== Your objective ==
Only an exact repeat of the listing, without its images, counts as the answer.

____ Material provided

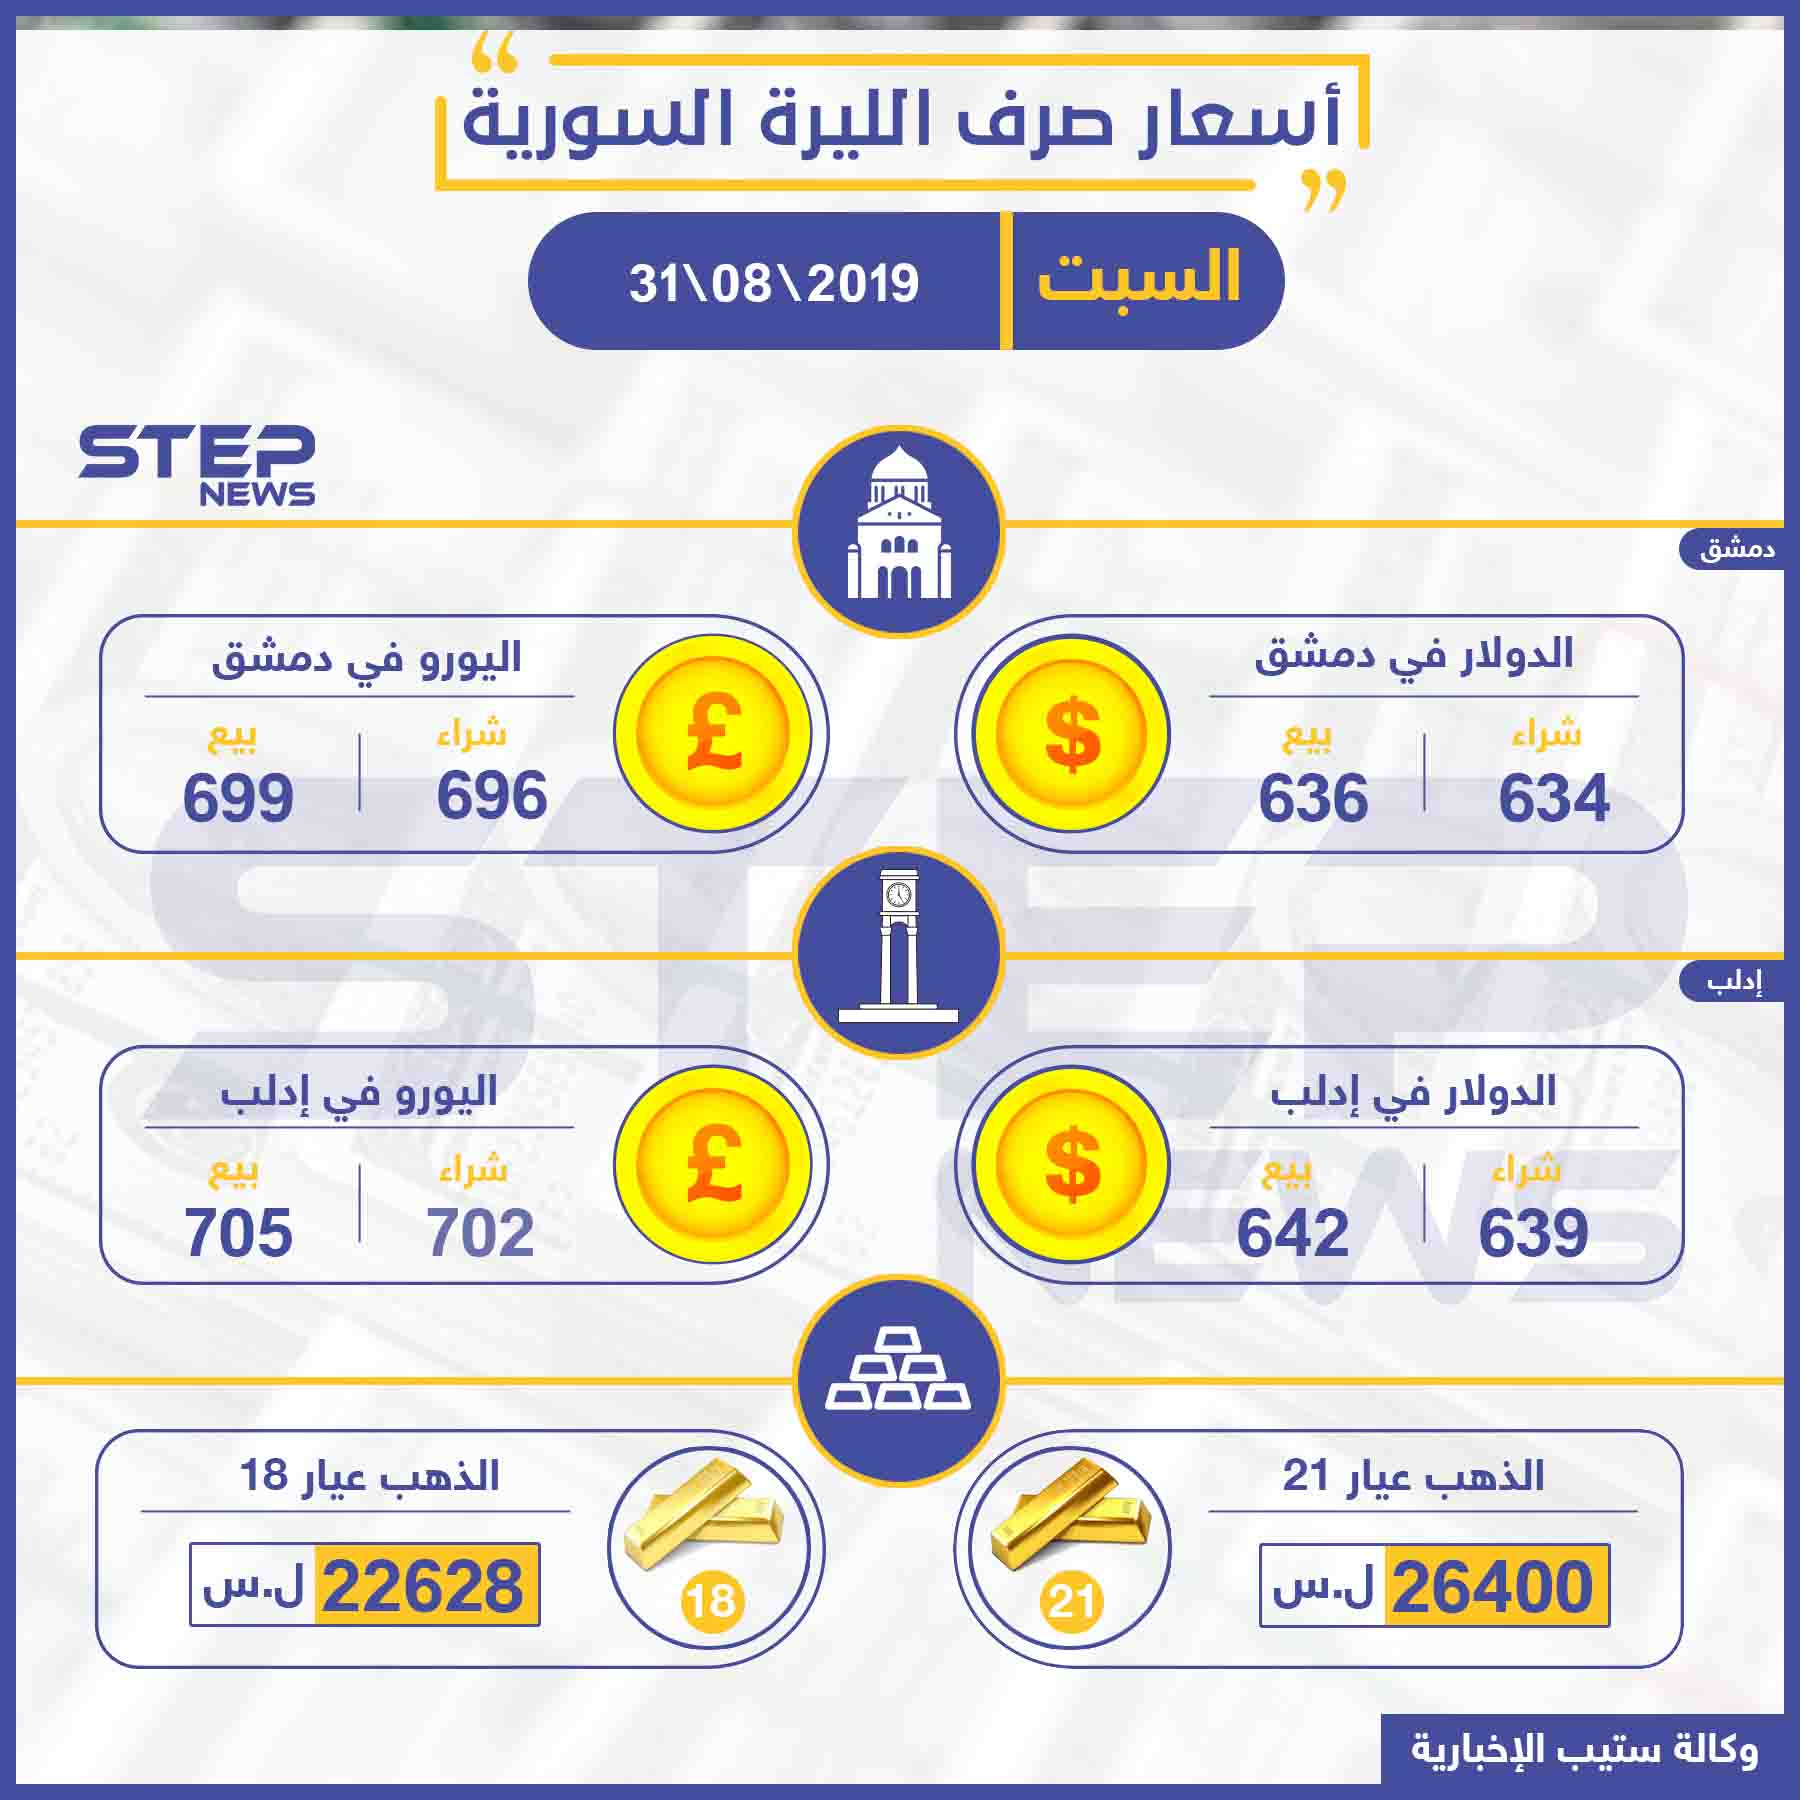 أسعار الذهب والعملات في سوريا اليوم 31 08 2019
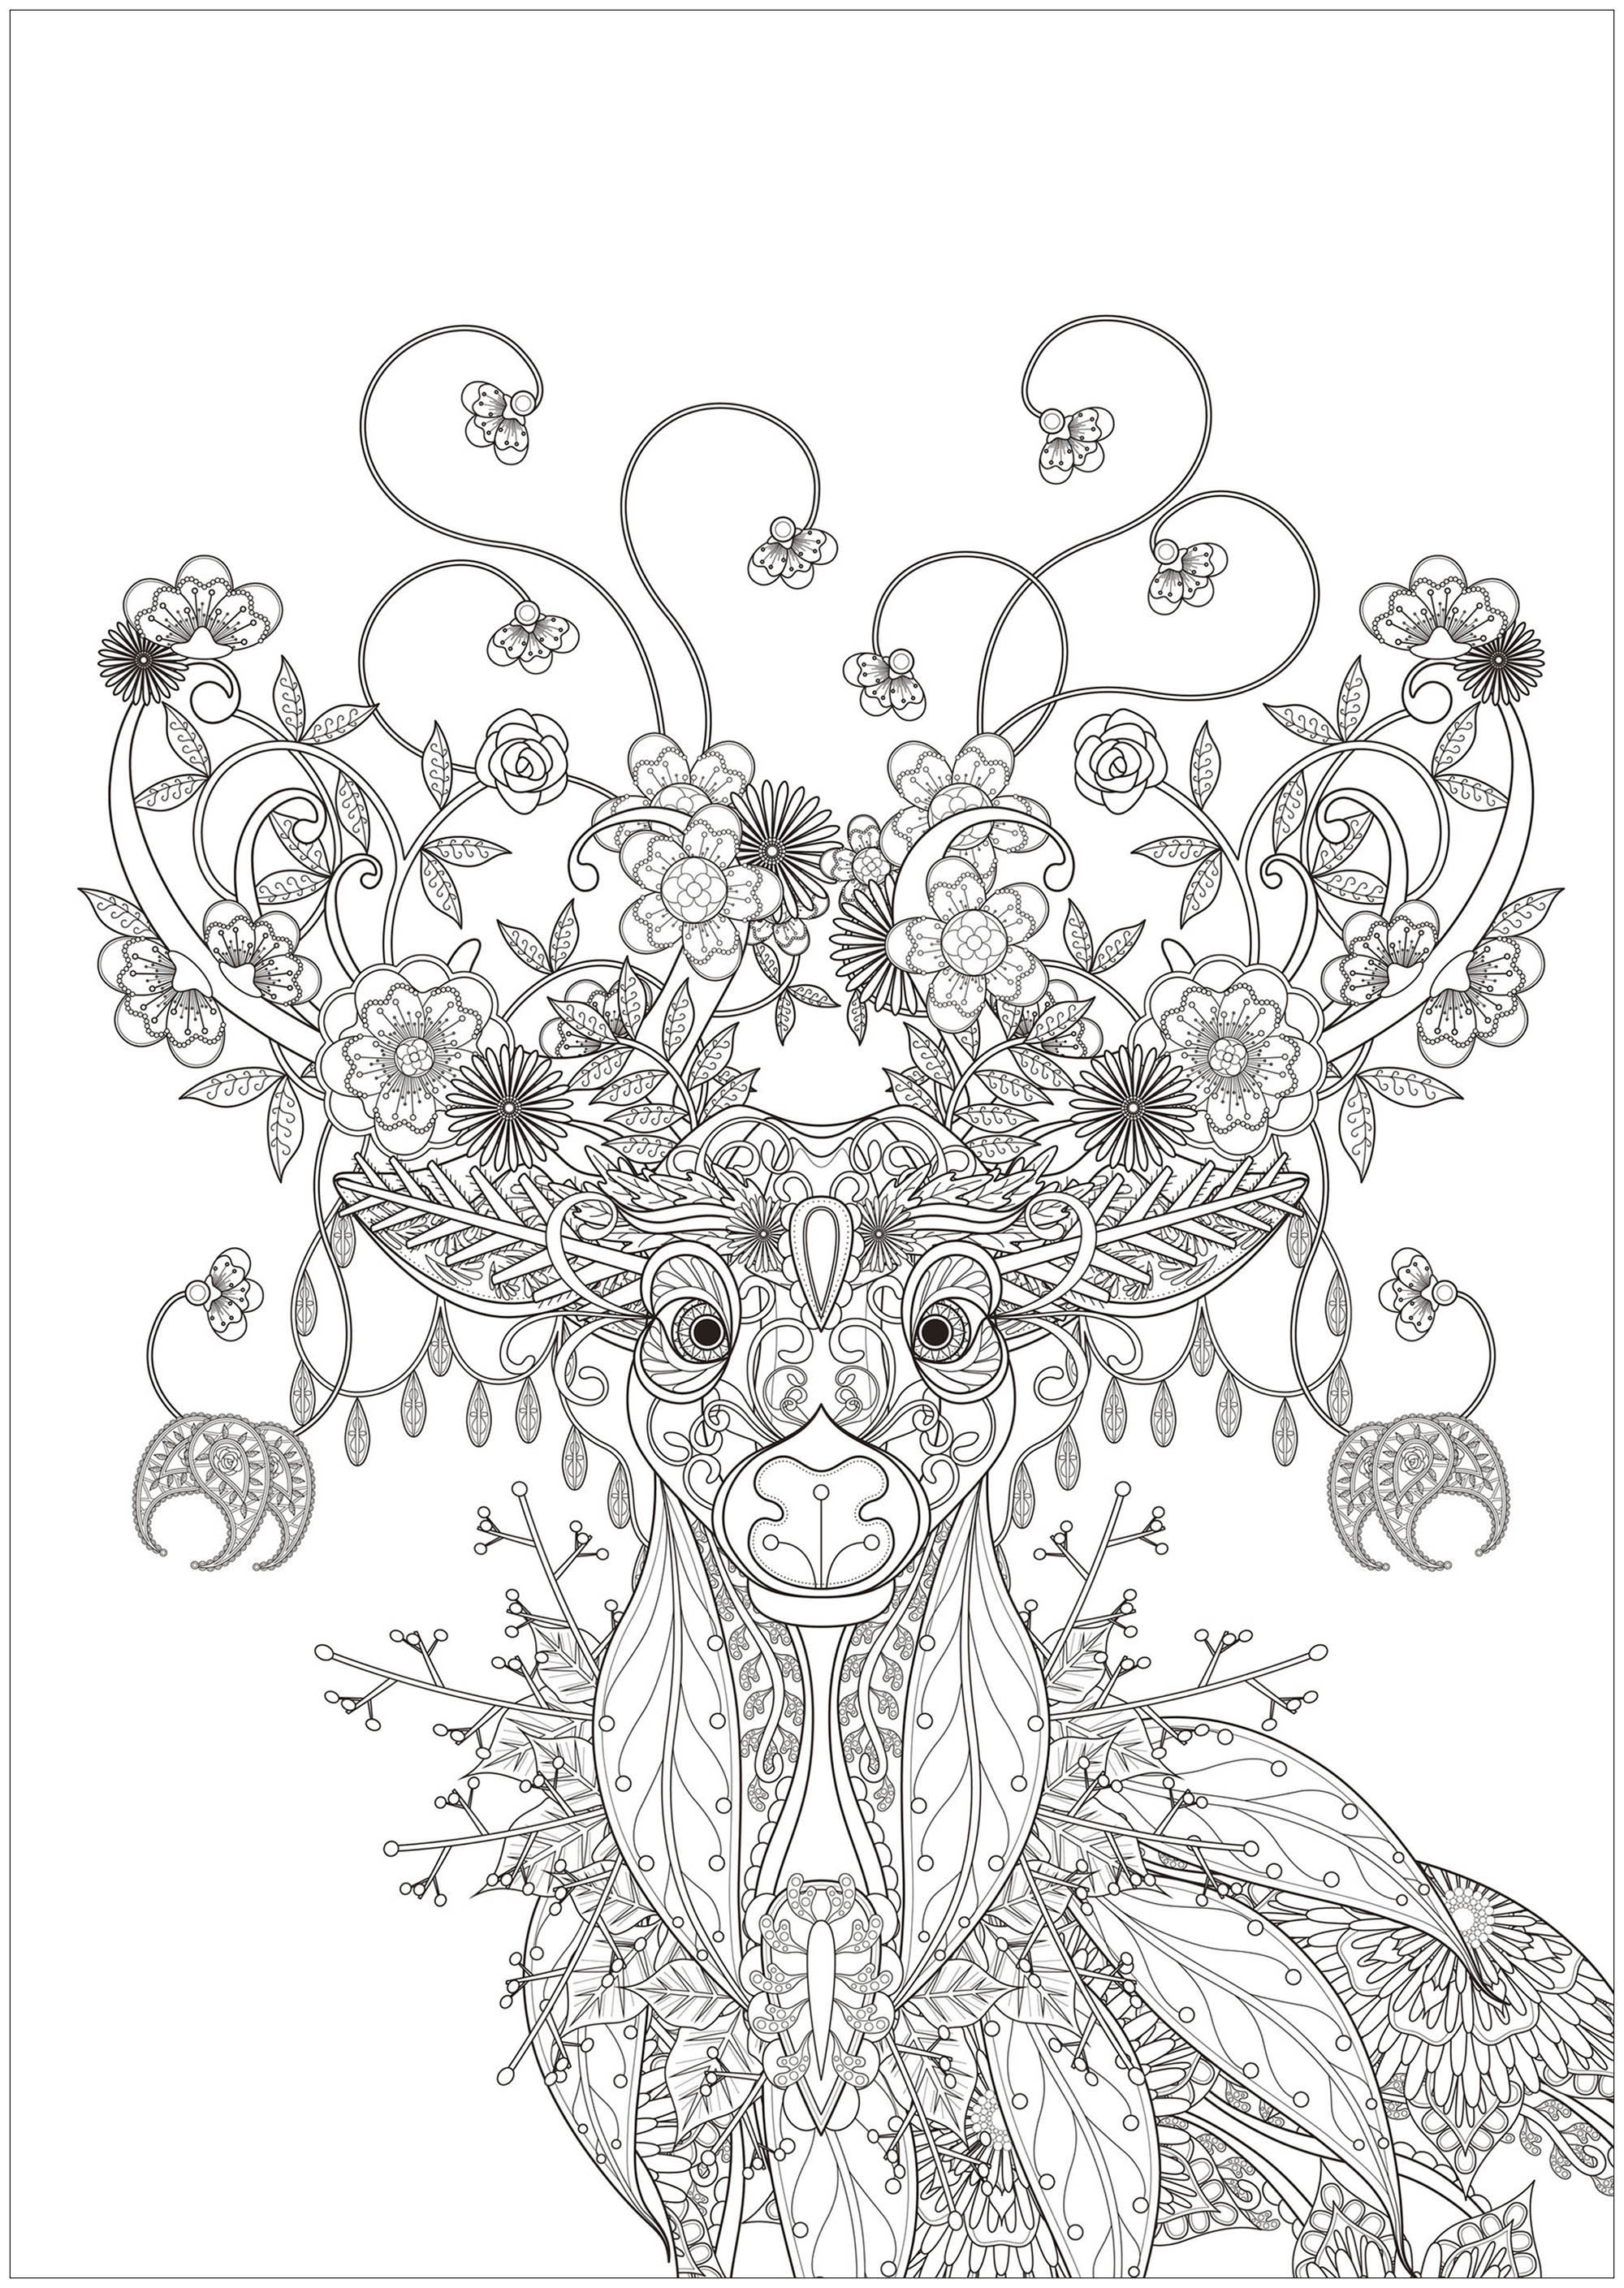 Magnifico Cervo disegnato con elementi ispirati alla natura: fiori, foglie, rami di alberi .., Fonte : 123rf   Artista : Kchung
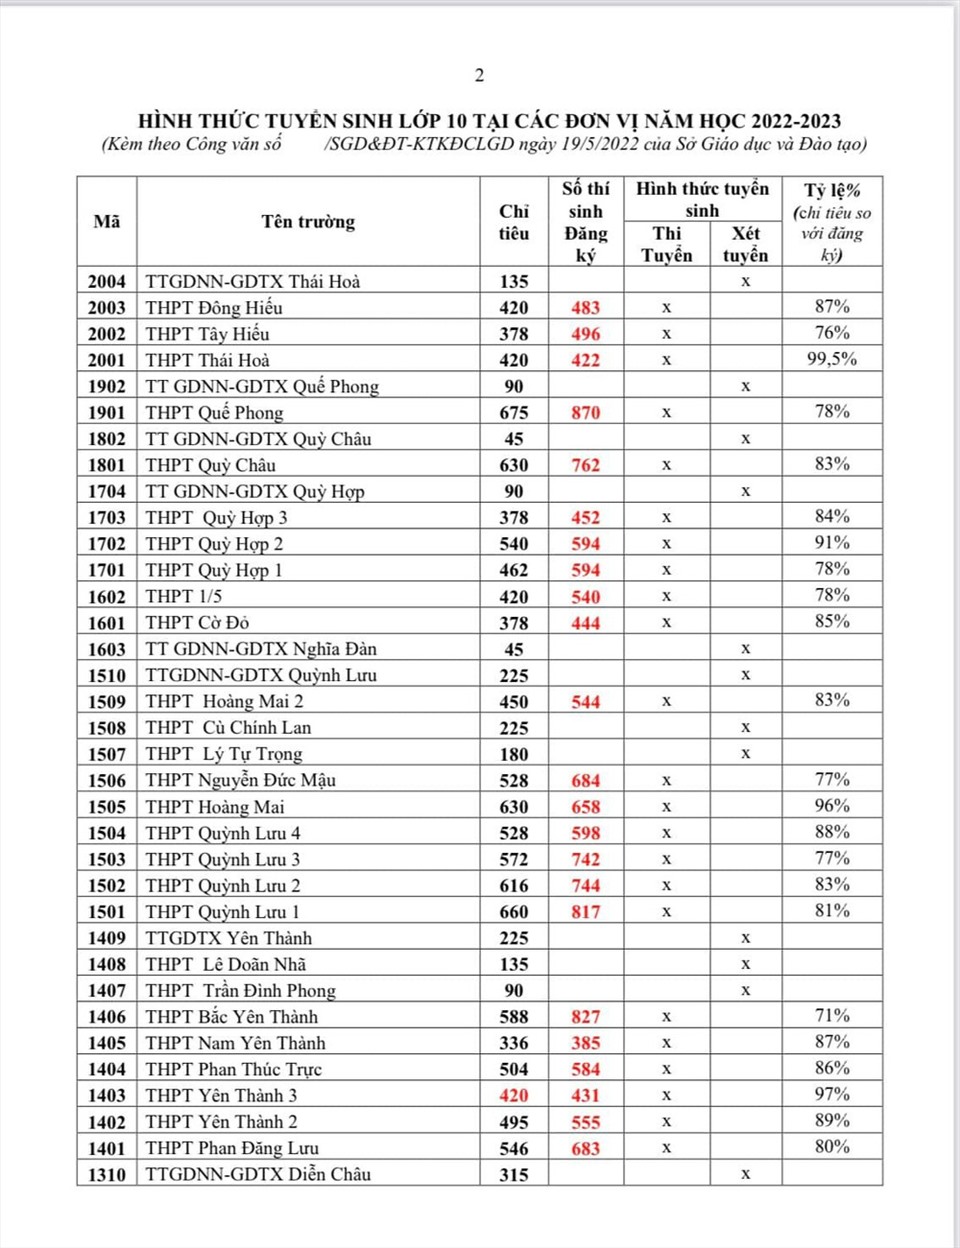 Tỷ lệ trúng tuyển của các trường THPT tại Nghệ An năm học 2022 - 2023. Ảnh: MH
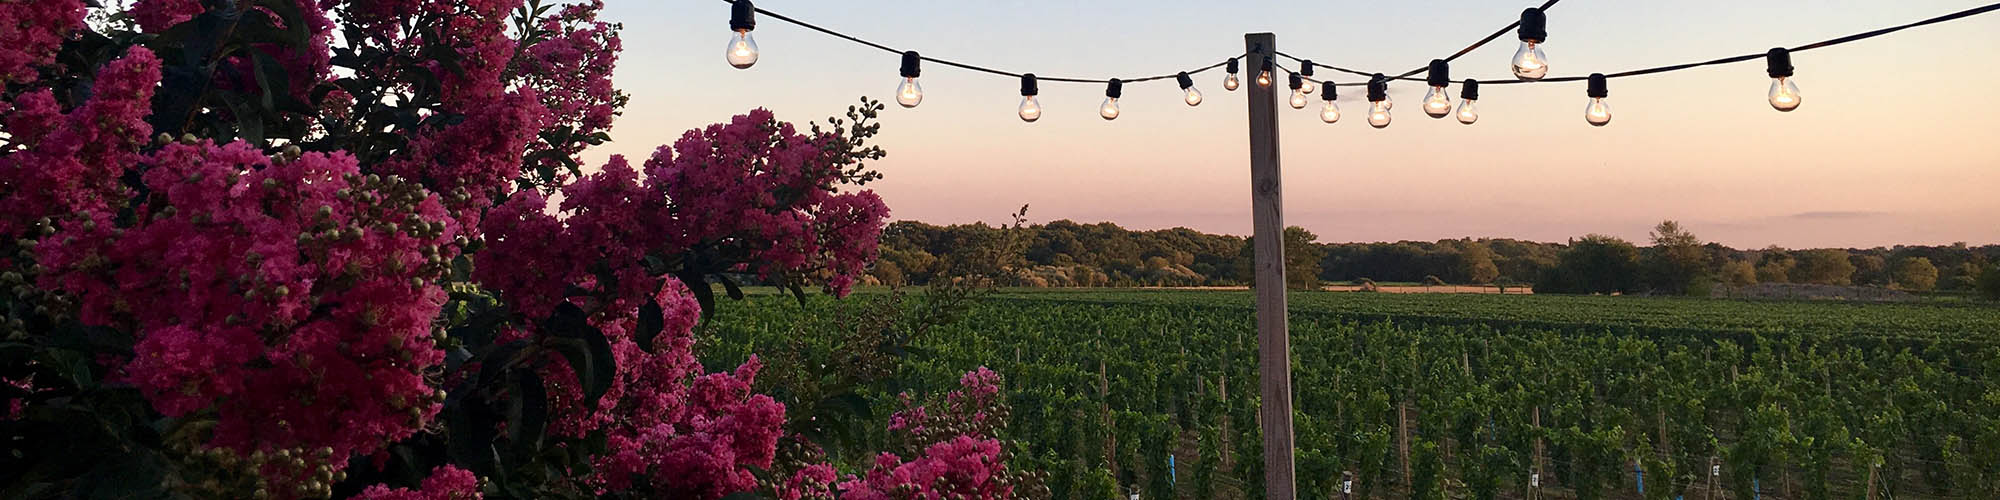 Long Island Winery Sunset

________

== Answer for this exercise ==
 أسعار الذهب والعملات في سوريا اليوم 31 08 2019
 Magnifico Cervo disegnato con elementi ispirati alla natura: fiori, foglie, rami di alberi .., Fonte : 123rf   Artista : Kchung
 Tỷ lệ trúng tuyển của các trường THPT tại Nghệ An năm học 2022 - 2023. Ảnh: MH
 Long Island Winery Sunset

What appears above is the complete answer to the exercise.